I tried flourocarbon line when it first came out and i hated it, it was simply the worst line for a smooth long cast. it wanted to jump off the reel by itself. has the new flouro line gotten any better?


----------



## Wiggler (May 9, 2006)

wargoth said:


> I have noticed however that on braid, you must leave a little bit of a tag end on it or it can slip as it tightens down a little under load and without that tag it can come undone.


The above by war is the secret. With the fireline at least this is the secret. The knot will flex so to speak and without the extra, the knot may come undone. Since I have been leaving sometimes a half inch tag ive NEVER had this knot fail and im usually trying to tear their lips off when I set the hook. Ive never been acused of having a suttle hook set. It is the only knot I tie.


----------



## bkr43050 (Apr 5, 2004)

The Saint said:


> ive been using trilene and i'm having trouble with hook sets. When i set the hook some times the hook just comes off and the line isnt breaking. I ues a Palomar knot for the trilene is there a better knot to use .
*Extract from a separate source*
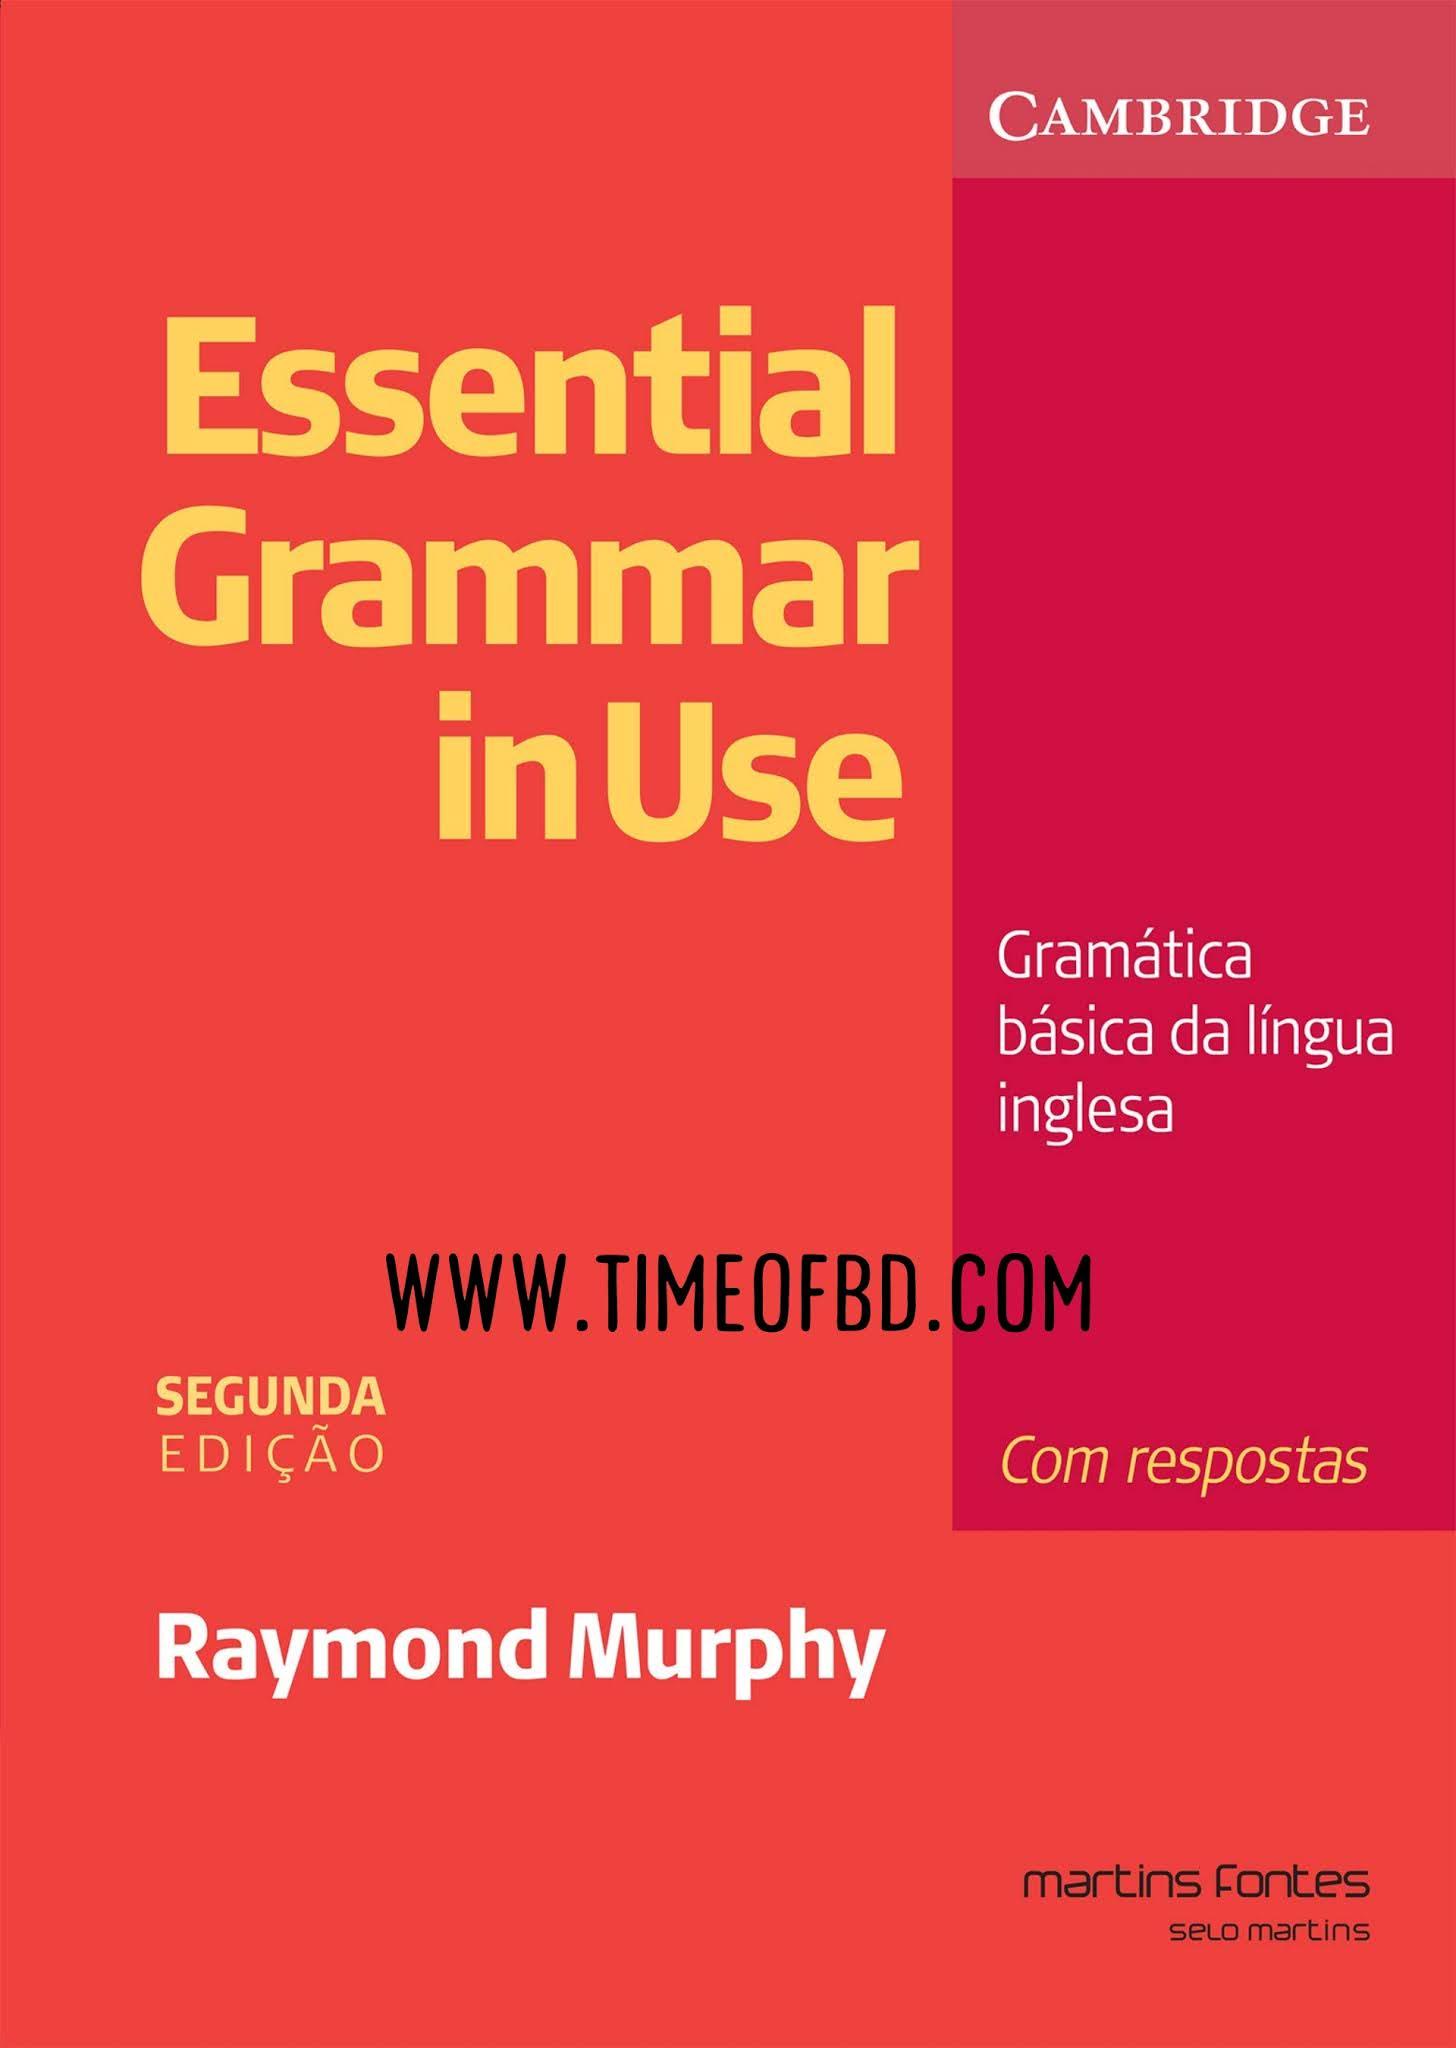 Essential grammer in use,Essential grammer in use pdf file, Essential grammer in use pdf download, Essential grammer in use online

I am still trying to understand how this could happen. You said the hook just comes off without the line breaking which would suggest that it may be slipping but like everyone else mentioned I have never had an issue of a palomar knot slipping. I suppose if you did not cinch it down and then cut the tag end very short it could possibly slip the tag end through and then come undone but that still seems unimaginable. You may want to review the Palomar knot tying with someone in person. Viewing the directions on paper or online sometimes can be confusing and perhaps you are missing a step.


----------



## Flashball (Aug 26, 2009)

I use the Trilene with all my Fcarbon connections. Think of the knot in reverse and how it works. Think what the tag end has to do before the entire knot can reverse itself. As stated, *wet it good* regardless of which knot you use.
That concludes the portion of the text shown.